We think judgment was properly ordered because we find in the record nothing to sustain a verdict for plaintiff. Early in 1925 defendant found himself threatened with an assessment for additional income tax of upwards of $18,000. He employed Messrs. Arnold and Flesher, public accountants, to contest the assessment. Just when the contract of employment was first made does not appear, but it was reduced to writing June 15, 1925. Compensation of the accountants was contingent on success and fixed at 25 per centum of any reduction in the proposed assessment which might be procured. The terms so fixed by the written contract had been agreed upon from the first.

Soon after Arnold and Flesher were employed plaintiff, who was also an accountant and auditor, came into the case. According to his own testimony he first met defendant in company with Arnold and Flesher. He testifies that Arnold "apparently had told" defendant "that I could help him out in one way or another. * * * Nothing very definite" was said "except that Mr. Ruben did make the statement that I was to go ahead and he would see I was taken care of." That testimony is the only basis assigned for the finding of a contract of hiring under which plaintiff may recover the reasonable value of his services.
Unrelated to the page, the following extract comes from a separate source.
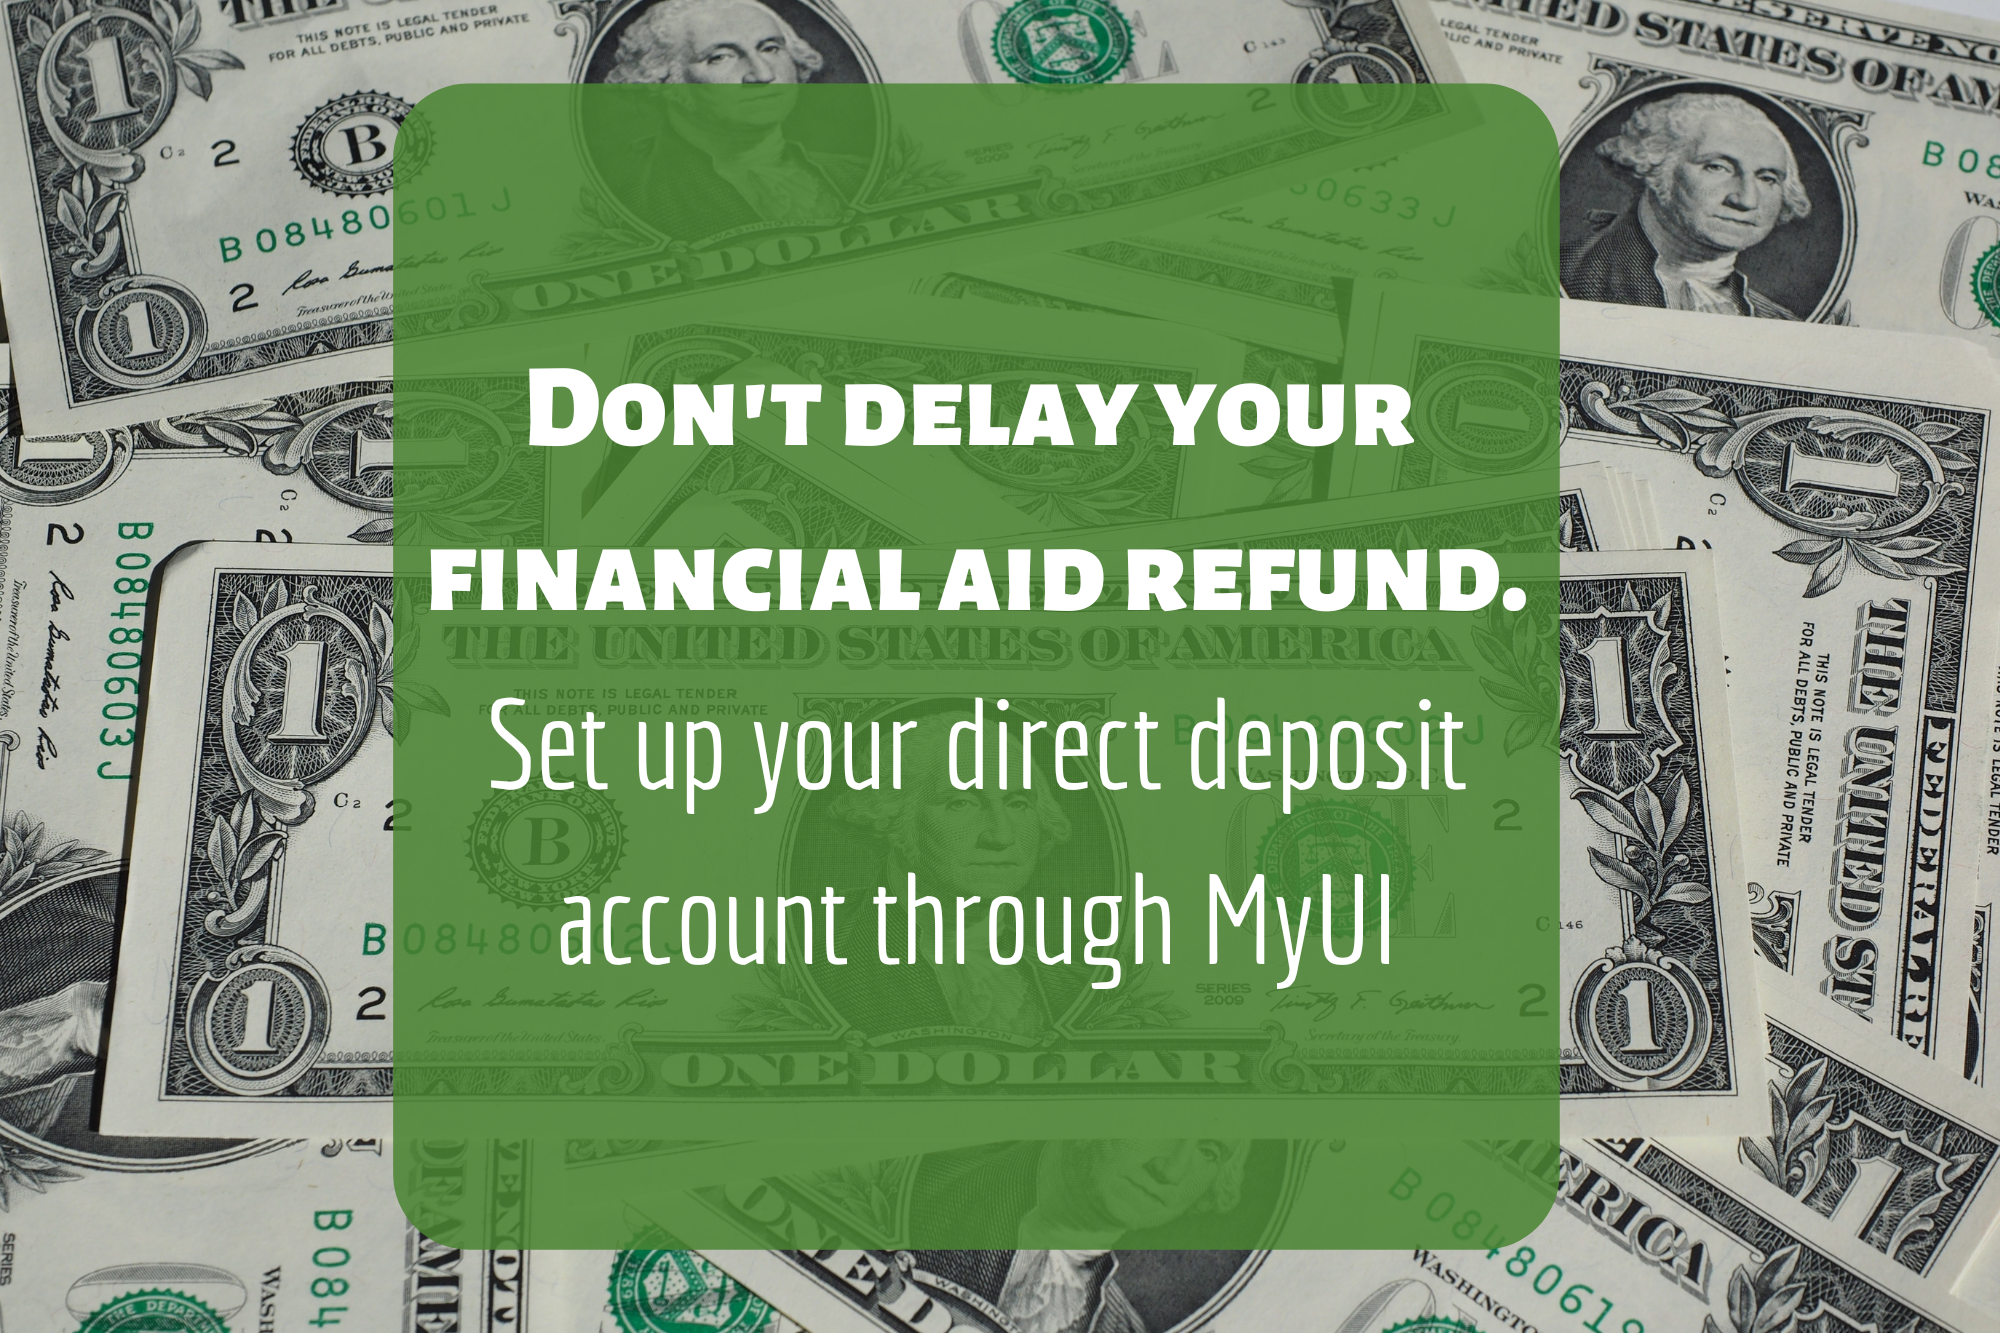 Don't Delay your refund

The verdict is put exclusively on that theory.

The position is not tenable for the simple reason that the record demonstrates that plaintiff's actual employment was by Arnold and Flesher, who agreed that plaintiff (or the firm of which he was then a member) should have "fifty per cent of any fees received from services rendered * * * in connection with the tax case of I. H. Ruben." Such is the written contract of February 21, 1925. True, it is made nominally with "Flesher, Flesher and Flatley, a co-partnership, and B. H. Arnold." But it is too plain for denial that it *Page 441 related to and controlled the conduct by Messrs. Arnold and Flesher of defendant's tax case. Their efforts to procure a reduction of the assessment were futile. The assessment was made in full and has been paid, so no fee has ever been earned by the accountants or any of them. In a letter written August 31, 1925, plaintiff says very frankly that his firm "were originally asked by Mr. Arnold and Mr. Flesher to handle this case on the basis of fifty per cent of the fee received by them," and that they were "perfectly willing to handle the case on a straight contingent basis as originally agreed upon of fifty per cent of the fee received by Arnold, Flesher Company, that fee to be twenty-five per cent of the amount saved."

The learned trial judge therefore was clearly right in his view that if defendant ever promised to take care of plaintiff, that undertaking referred to participation in the contingent fee of Arnold and Flesher. The right to that participation was secured by plaintiff's contract with Arnold and Flesher under which, if a fee had been earned, he would have been entitled to participate. His contract to that effect is clear and covered the whole field. It is a fatal objection to his present claim of an independent and additional contract with defendant on the same subject entitling him to the reasonable value of his services — win or lose.